Niskayuna Central School District residents lobbied the Board of Education on Wednesday night not to increase class sizes or close any schools.
More than 75 people showed up for a community budget forum at Van Antwerp Middle School — one of the schools that could close under one budget scenario as the district tries to close a $6 million gap between projected revenues and expenses next year. The current year’s budget is roughly $75 million.
The first level of cuts would eliminate teachers and a variety of support staff positions to save $1.46 million and reduce the tax levy increase to 8.9 percent. Closing either Van Antwerp or one elementary school are the next level of reductions proposed by the district. Shutting down Van Antwerp would save just shy of $1 million and closing one of the district’s five elementary schools — Birchwood, Craig, Glencliff, Hillside or Rosendale — would save about $450,000. This only gets the district down to a 7 percent to 8 percent tax levy increase, so school officials have more work to do.
Community members suggested moving sports and extracurricular activities outside of school or obtaining advertising sponsorships instead of targeting academics.
Parent Kim Clive-Reed said it is obvious the district will have to make cuts, but said the district is not focusing on the right things. She questioned why the district is proposing to cut teachers and counselors while keeping golf, bowling, skiing and music lessons.
She would rather see athletics and other extracurricular activities moved totally out of the school budget and reduce class size from the current level of 27.
“That I think is probably the most reasonable and fair solution to our long-term problems with the budget,” she said. “We’ll never get there with a death of a thousand cuts.”
However, one issue pointed out by school officials is that if the sports are moved outside of school, they no longer fall under the interscholastic athletics umbrella and can’t compete against other schools.
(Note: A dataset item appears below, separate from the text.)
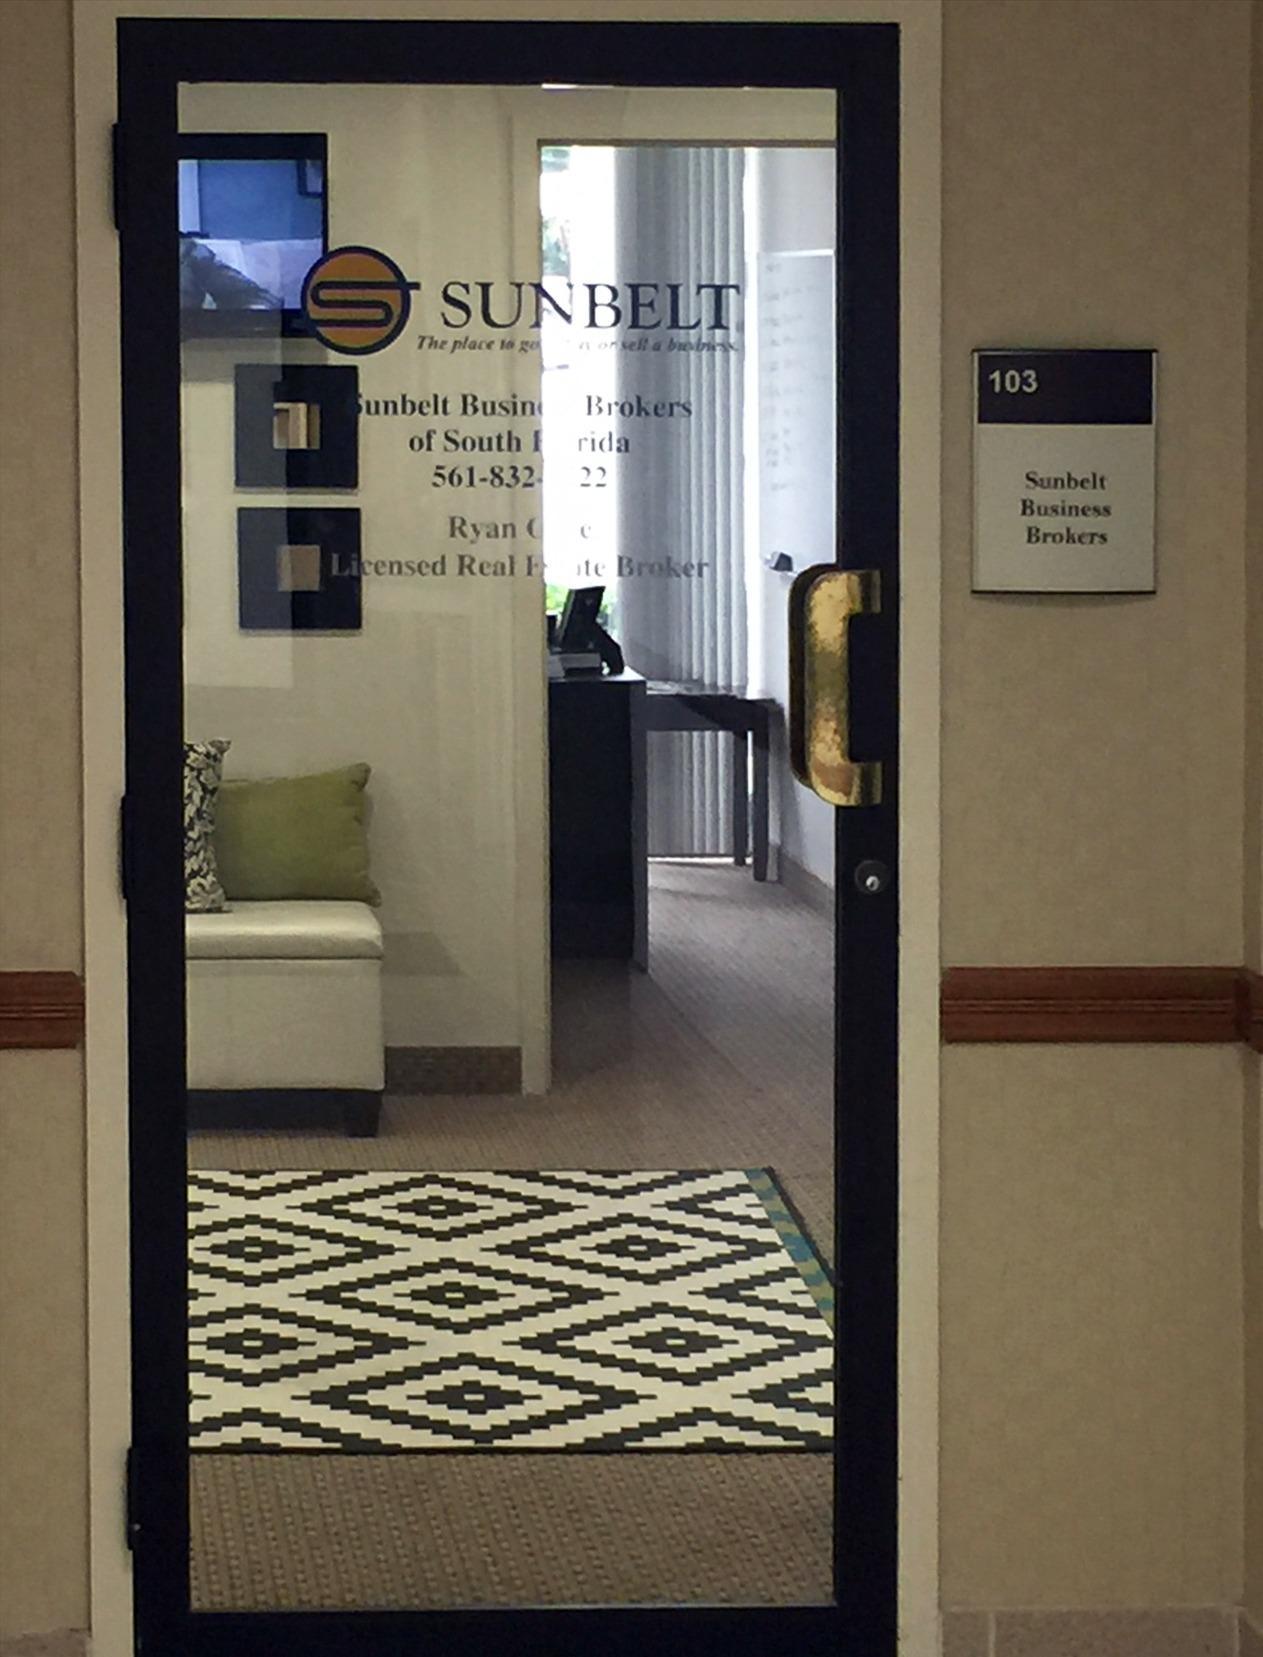 Sunbelt Business Brokers of South Florida image 0
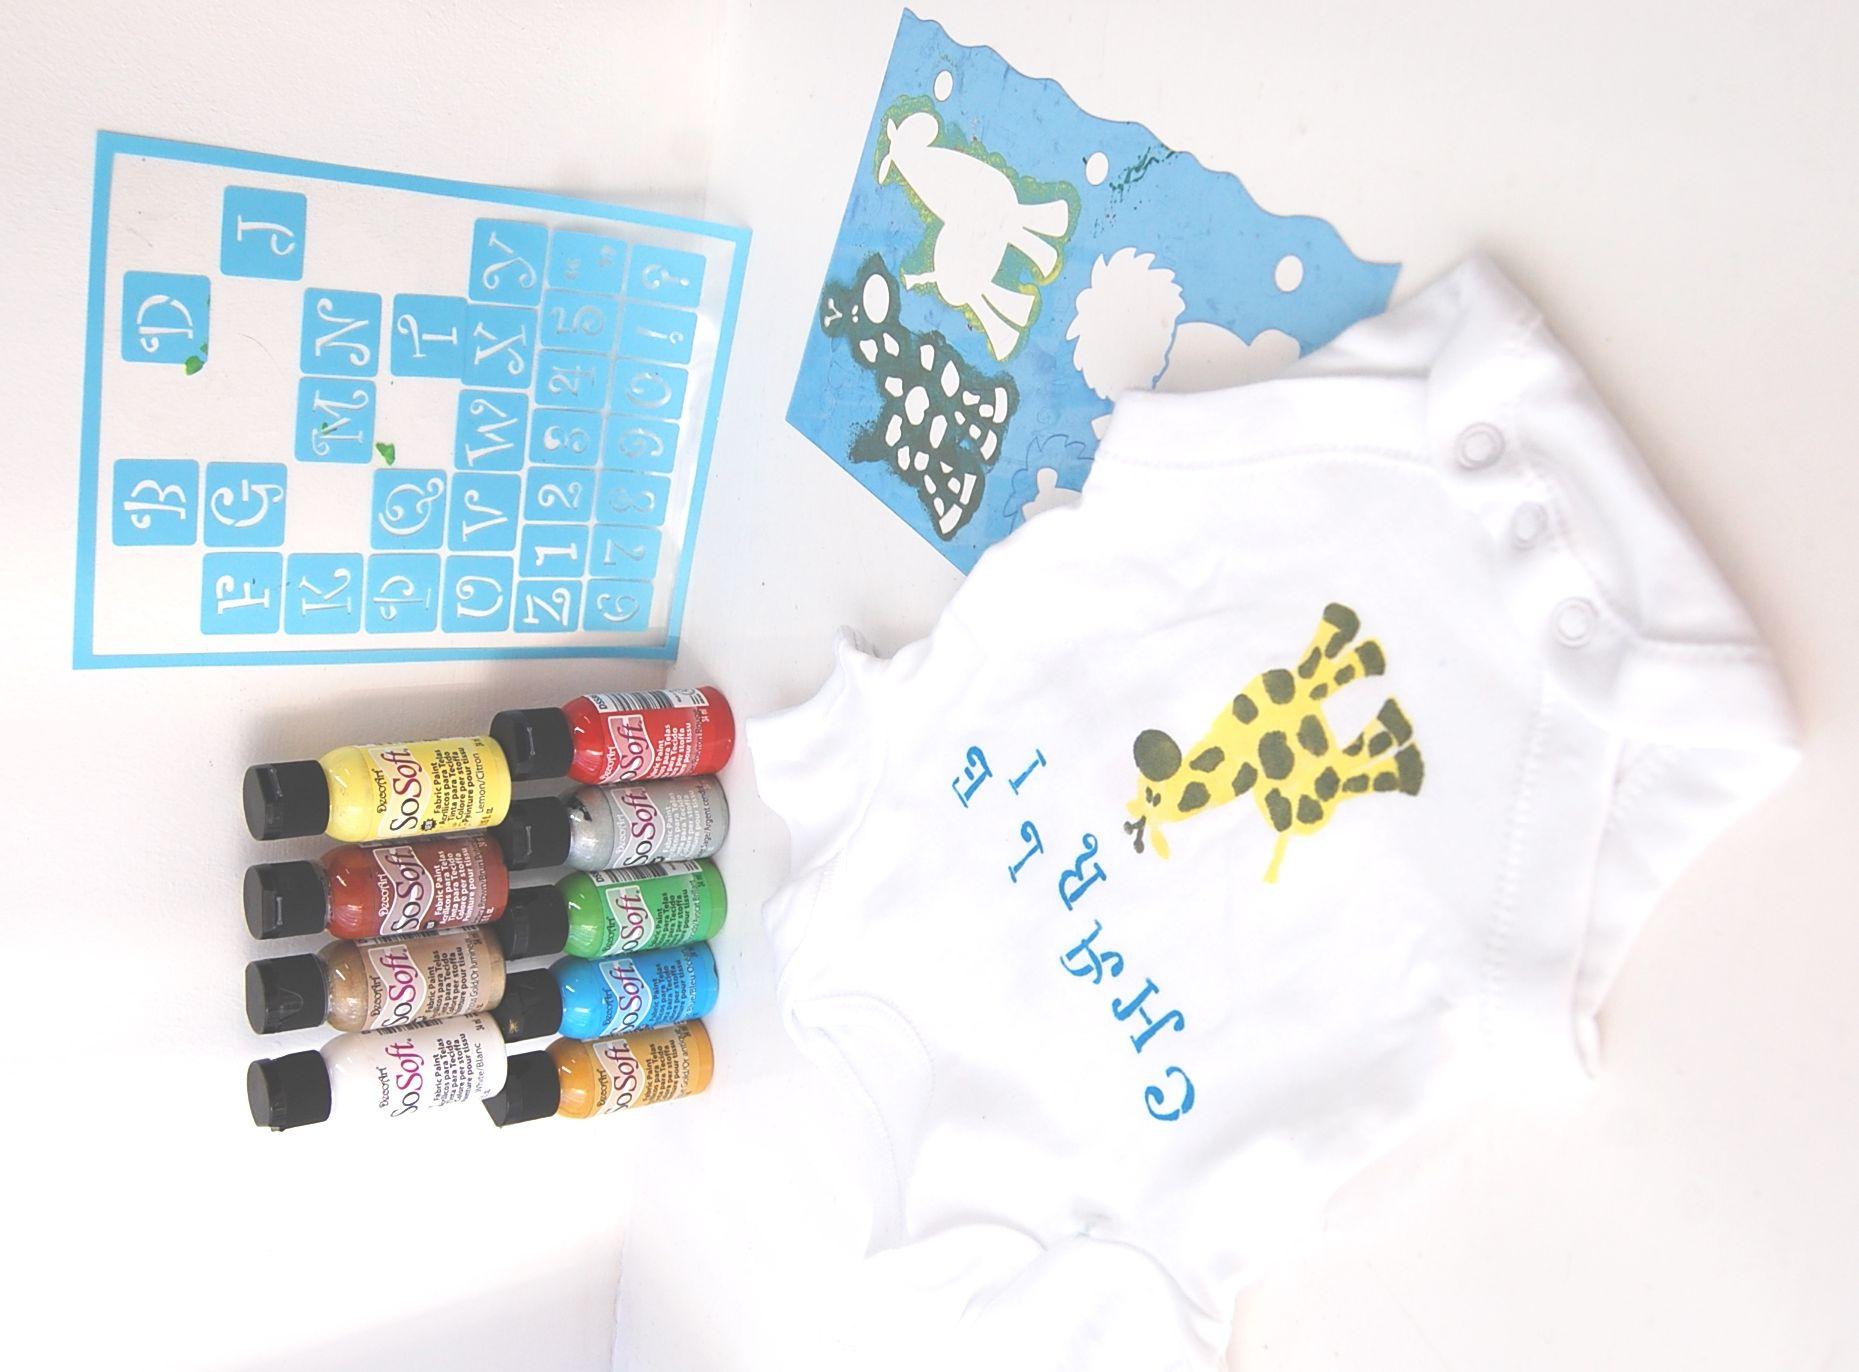 Stencil On Cotton Material Baby Onsie Using Fabric Paints By Decoart Sosoft Alphabet Stencils Stencil Diy Stencil Crafts

Board members said they were taking the issue of class size seriously. Superintendent Susan Kay Salvaggio also presented the results of the district’s online survey completed by 1,500 residents, who said keeping class sizes small was “essential.”
About 32 percent of those who responded said they would support a budget at or below the tax cap, which school officials are estimating to be between 3.25 percent and 3.35 percent.
Twenty-seven percent said they would support a budget with a 6 percent increase or lower; 21 percent would vote for a budget with an increase between 6 percent and 8 percent; 9 percent for a budget between 8 percent and 10 percent and nearly 11 percent for one between 10 percent and 12 percent.
Salvaggio said she doesn’t believe there’s any intention of putting out a budget with a double-digit tax increase.
Sonya Ward, a parent of a first and a fourth grader, said the district needs to find ways to raise revenues. She suggested obtaining corporate sponsorships, putting advertising on athletic scoreboards and having parents fund extracurricular programs.
Salvaggio said it is against New York state education regulations to charge parents for their children to participate in athletic teams.
Board member Barbara Mauro said sports teams are crucial for school spirit. The state discourages advertising, according to Mauro. However, she said there might be an opportunity worth exploring with the district’s electronic message board sign out in front of the high school. Perhaps that could display some advertising because students would not see it during the school day.
Resident Ephy Carmel said there is no question that Niskayuna schools are good, but he is living on fixed income, which isn’t going up at the 4.7 percent rate the school budget would increase if nothing was cut. “We must live within our means,” he said.
He suggested that the district propose a fair budget, which closes the gap equally by increasing taxes and decreasing expenses.
Board member Robert Winchester said he wants to make sure the students attending the district now and the future have the same excellent program his children had.
“Niskayuna has always stood for quality education for its children and I want to ensure that that continues,” he said.
The board will continue its budget discussions and start reviewing proposed cuts at its meeting on Tuesday at 7 p.m. at Van Antwerp Middle School.